Measuring molecules at a single synapse gives clues to how memories become long term.

Lasting Memories

When neurons fire in the brain, they exchange signals through tiny buds known as spines. Signaling strength can fluctuate rapidly, but some changes lasting minutes or longer are thought to encode long-term memories. To better understand what’s happening in those extended moments, biophysicist Ryohei Yasuda images living spines as signaling occurs, as seen in this series of photos.

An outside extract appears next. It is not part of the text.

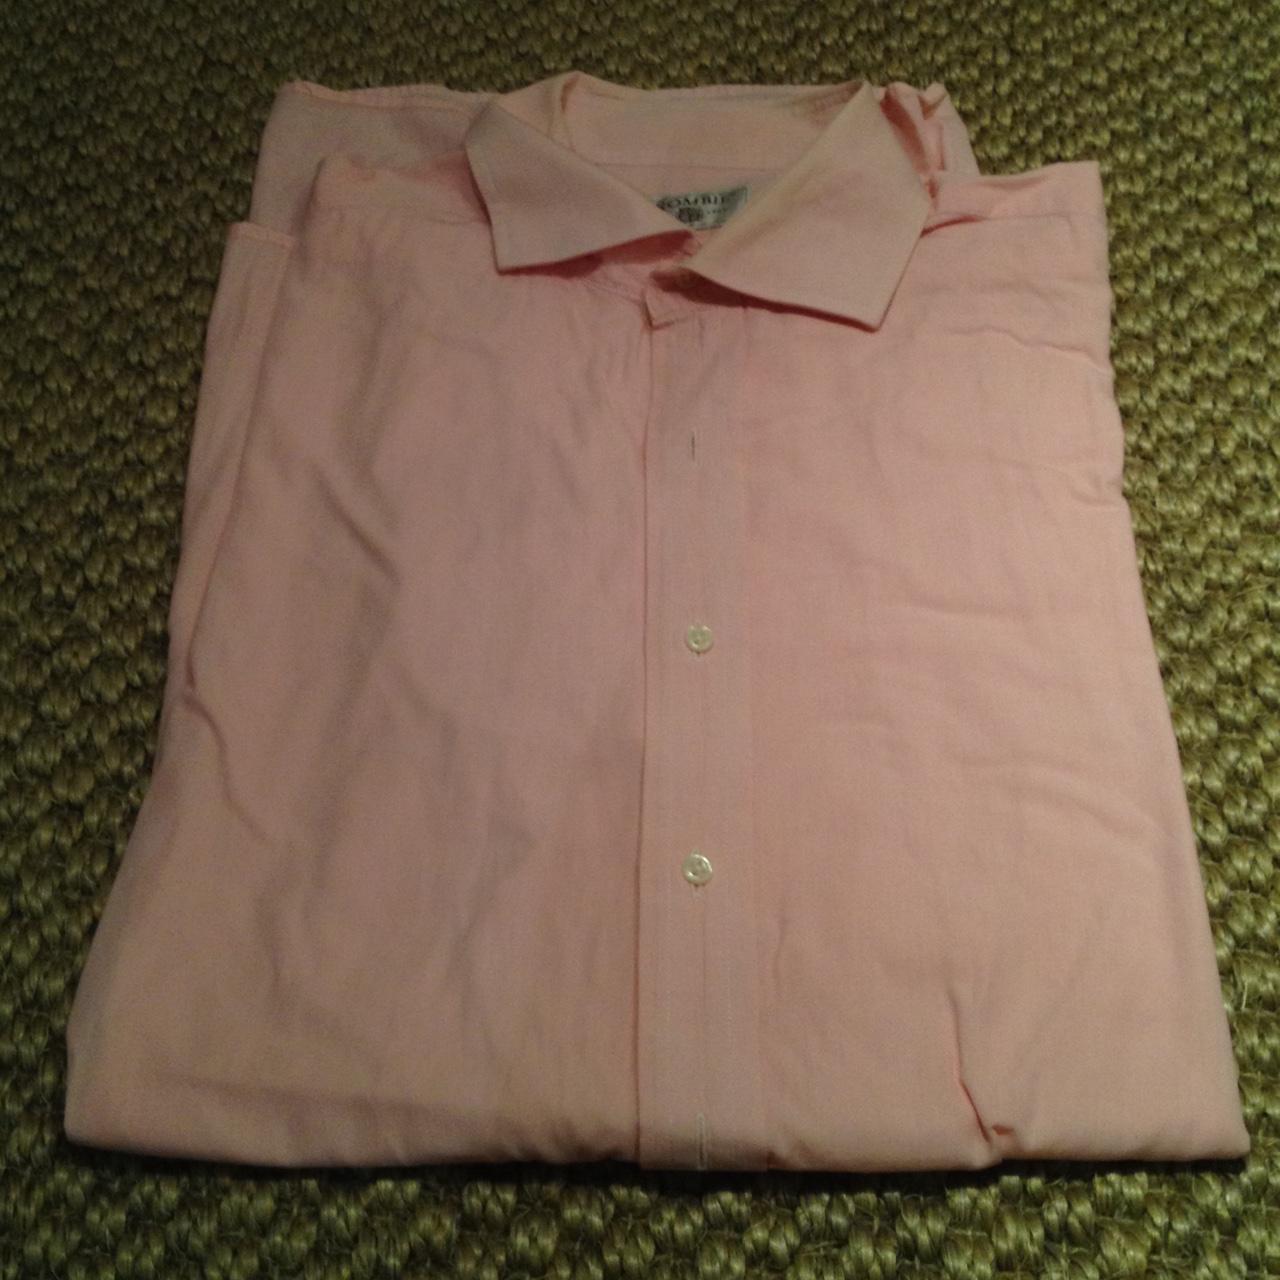 Crombie shirt - light pink - XL - very good... - Depop

Postdoctoral researcher Hong Wang flits in and out of a dark, curtained-off area in Ryohei Yasuda’s lab at Duke University. Wang is fiddling with a slice of mouse brain that floats in an electrolyte broth similar to the fluid that naturally bathes the brain. Once she has the setup just right, she will use one of Yasuda’s specially built microscopes to look at enlargement of a single neuron’s spine, a tiny bud that receives signals from neighboring cells.

Yasuda, an HHMI early career scientist, is a biophysicist by training. For his Ph.D. dissertation, he developed ways to image single molecules tethered to glass slides. To better understand the molecular intricacies of learning, memory, and behavior, he has shifted his interests to imaging molecules in single synapses in brain slices. Hundreds of molecules are needed to transform a discrete event into a long-lasting memory, and in his latest study, his team reports exactly when and where in the neuron two important molecules are active.

“The synapse is small but not simple,” Yasuda says. “It’s got a lot of complicated machinery, and it’s the perfect place to use my biophysical background.”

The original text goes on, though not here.